- [Task to carry out]
Any picture in the listing is left out of the copy; all else is duplicated exactly.

··· Collected data ···

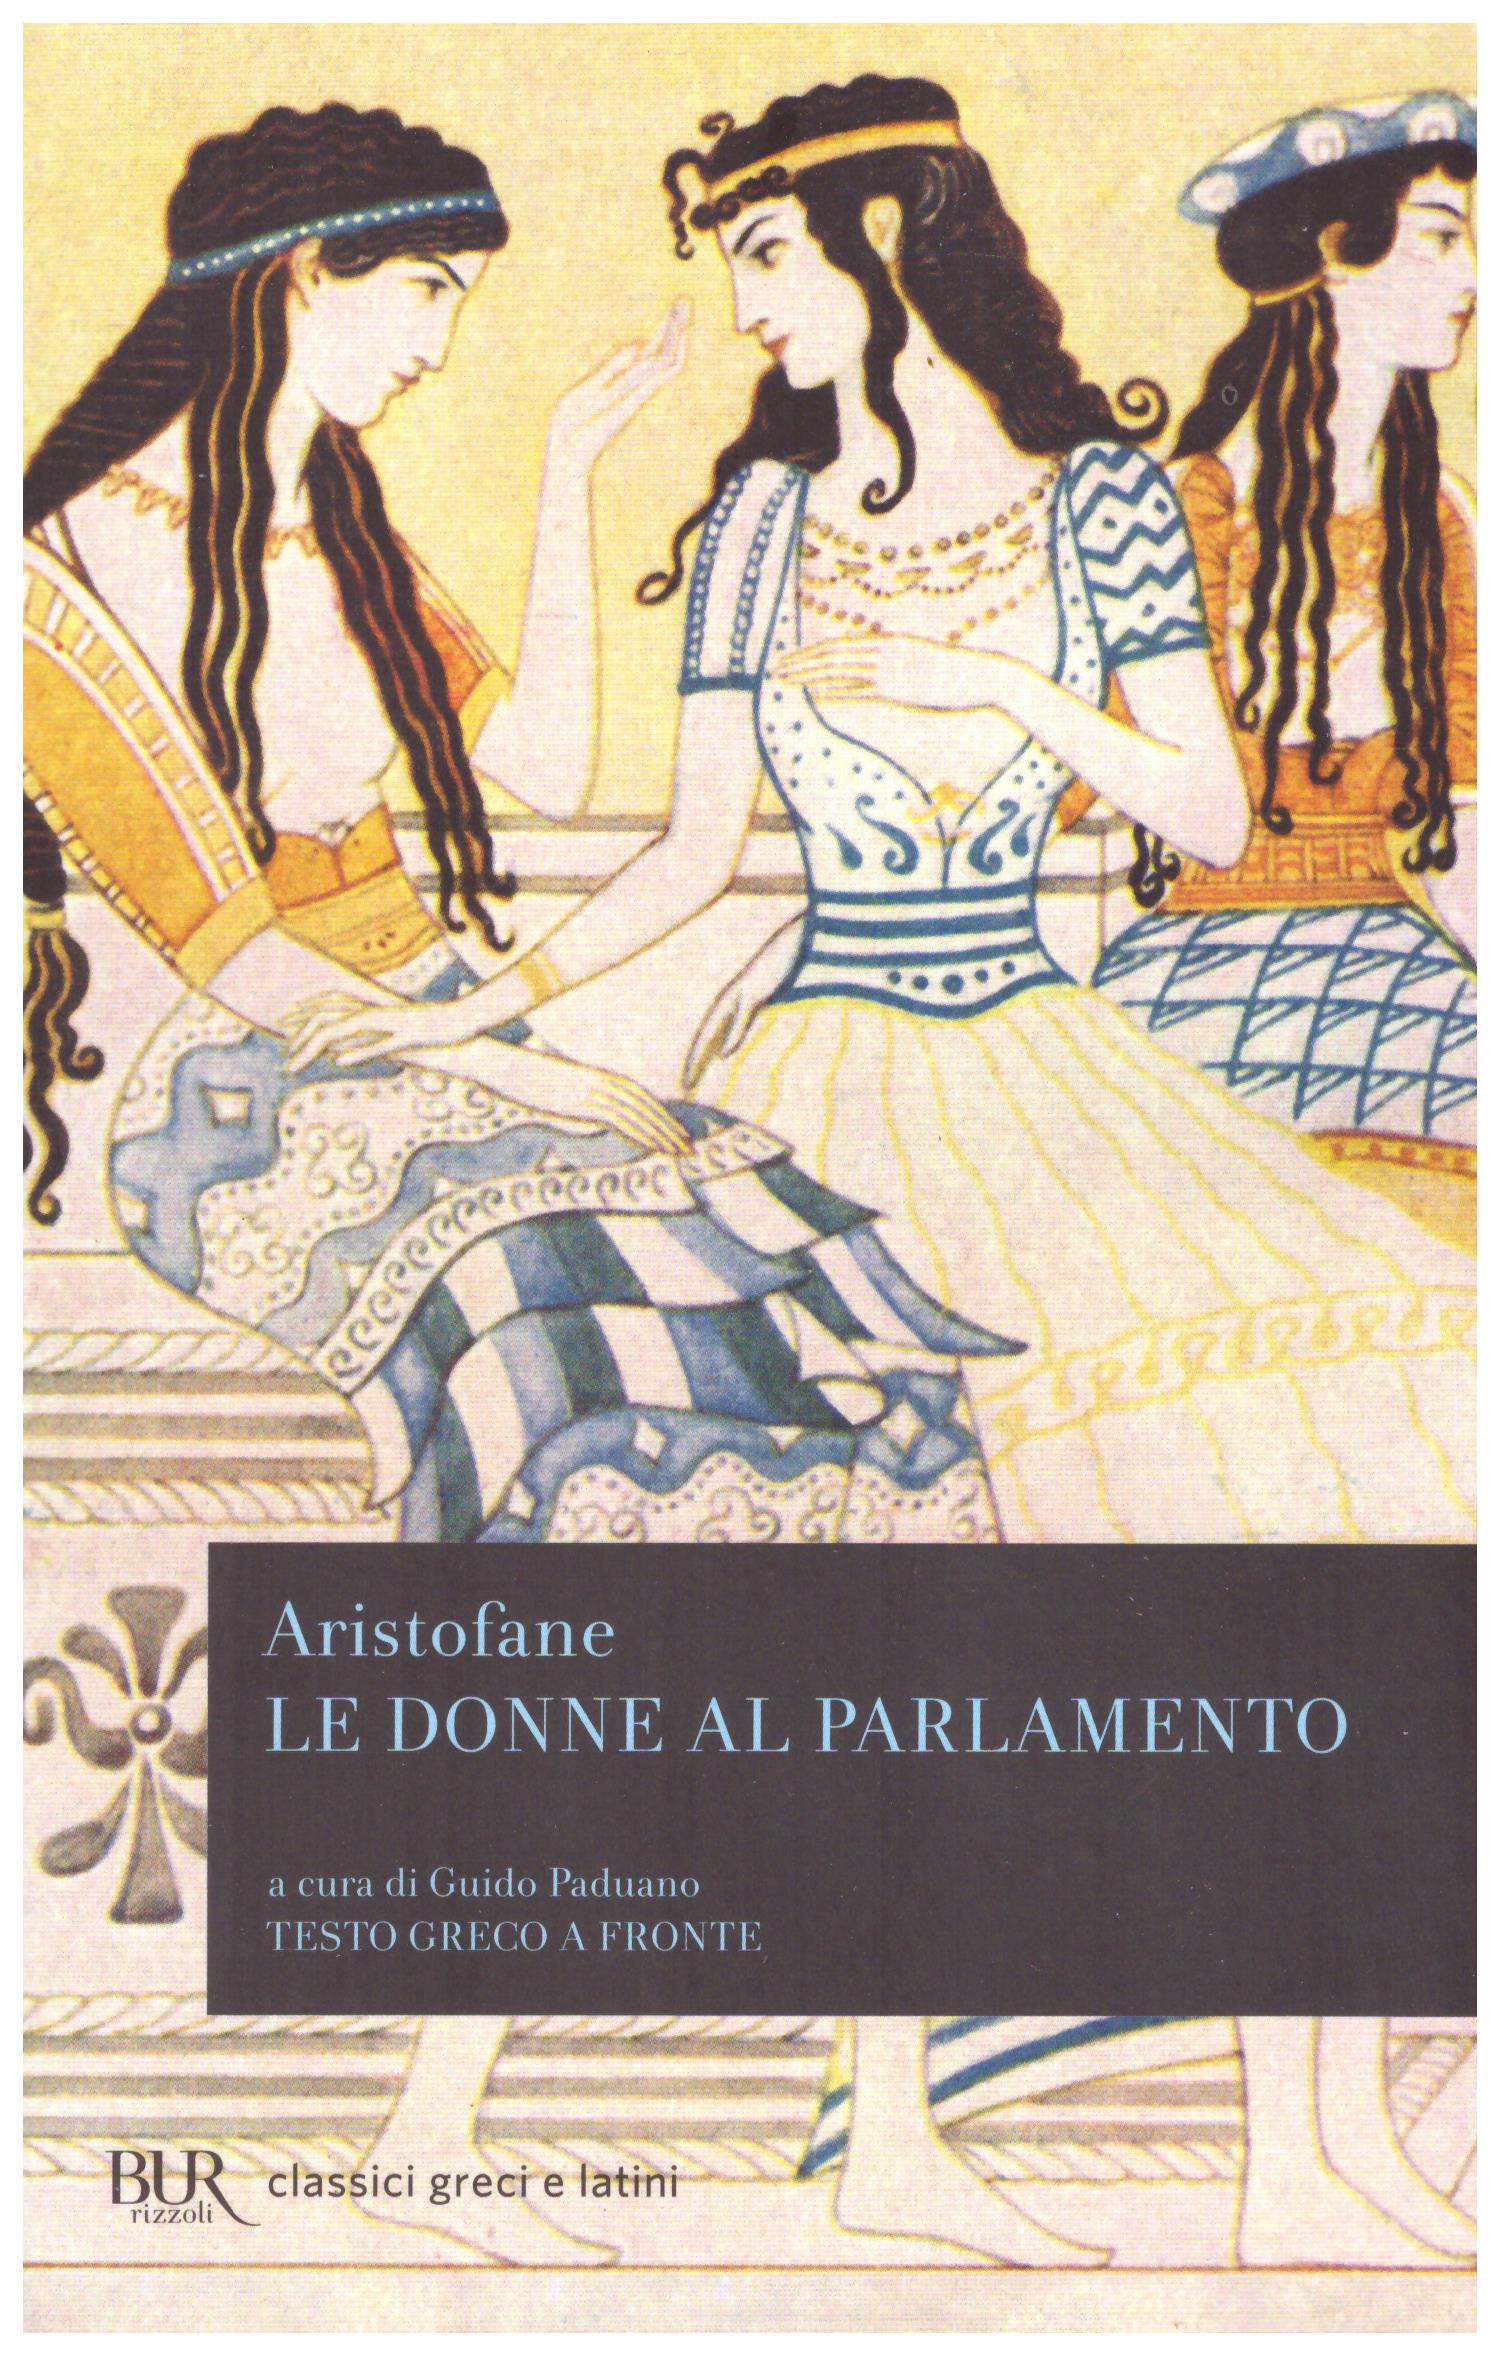 Titolo: Le donne al parlamento Autore: Aristofane Editore: Bur, 2013
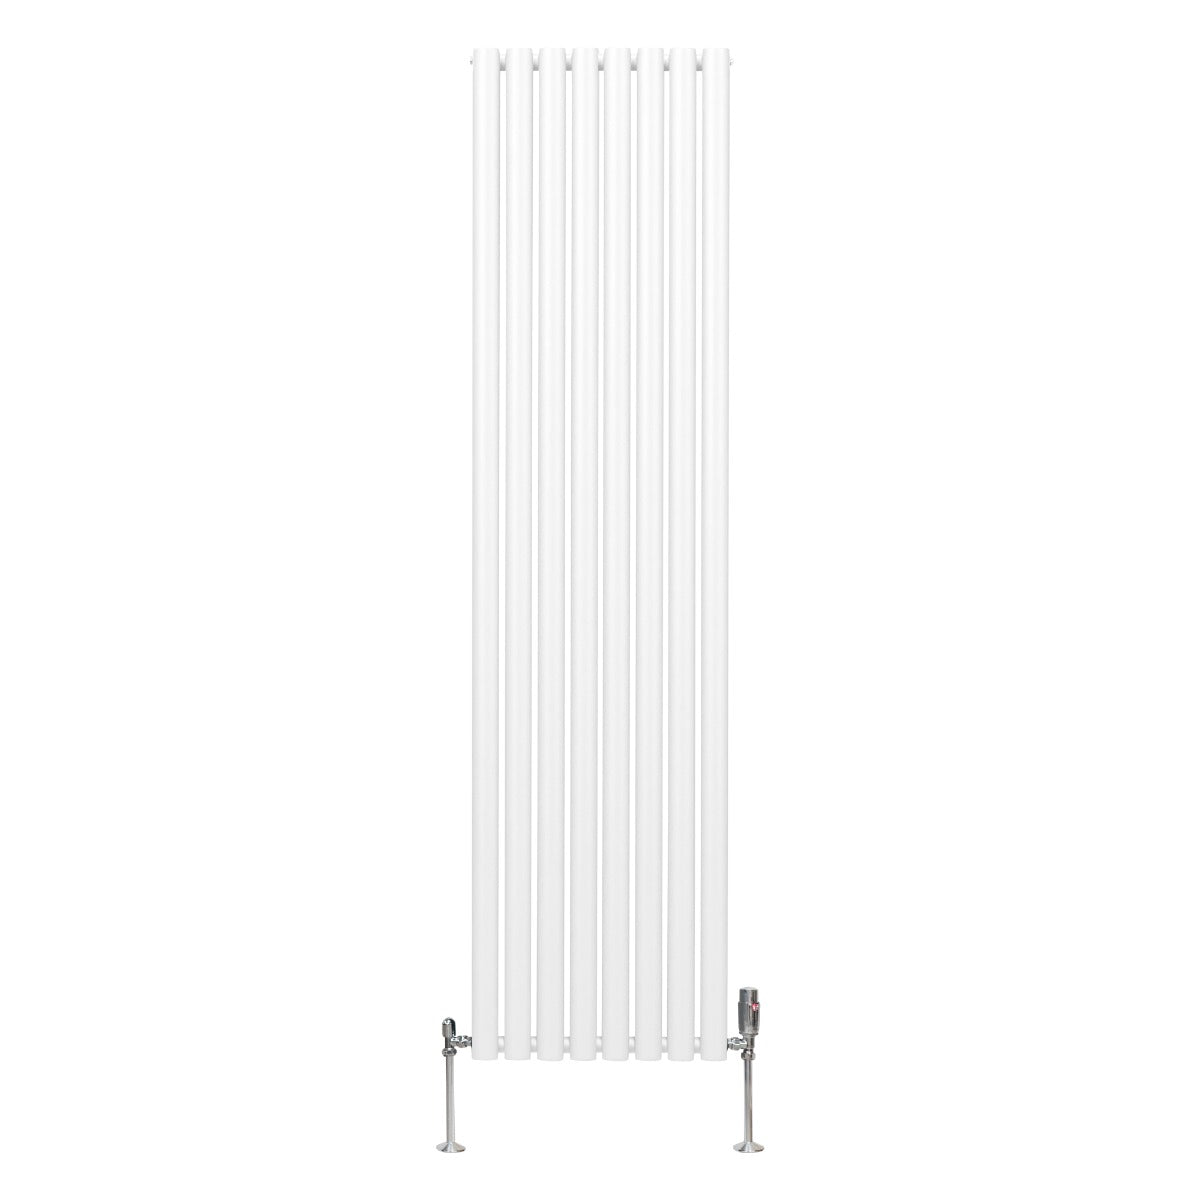 Oval Column Radiator & Valves - 1800mm x 480mm – White
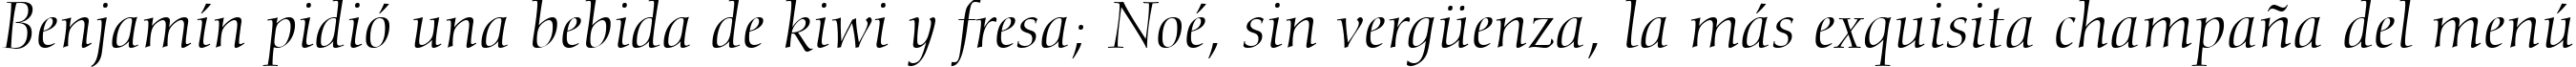 Пример написания шрифтом Calligraphic 810 Italic BT текста на испанском
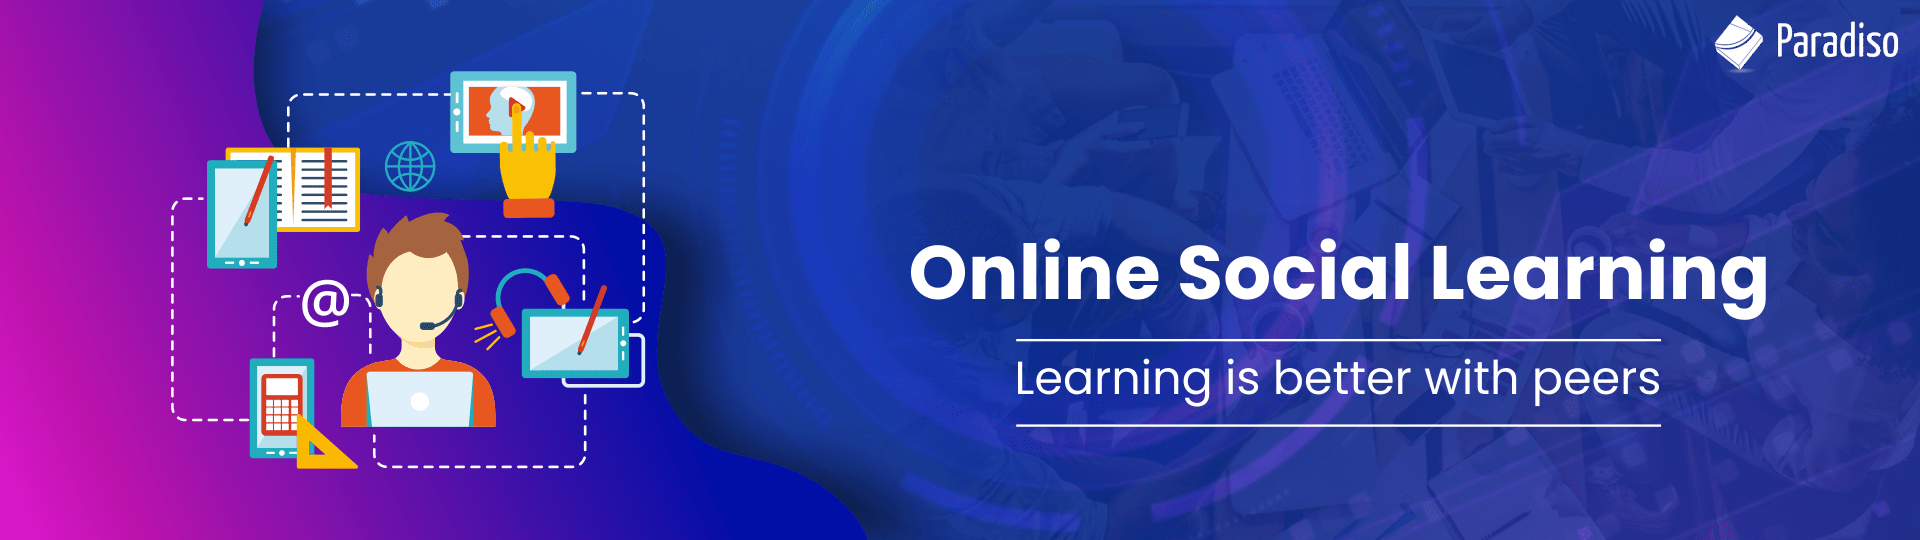 online social learning

···

- [Solution for this task]
 Titolo: Le donne al parlamento Autore: Aristofane Editore: Bur, 2013
 Oval Column Radiator & Valves - 1800mm x 480mm – White
 Пример написания шрифтом Calligraphic 810 Italic BT текста на испанском
 online social learning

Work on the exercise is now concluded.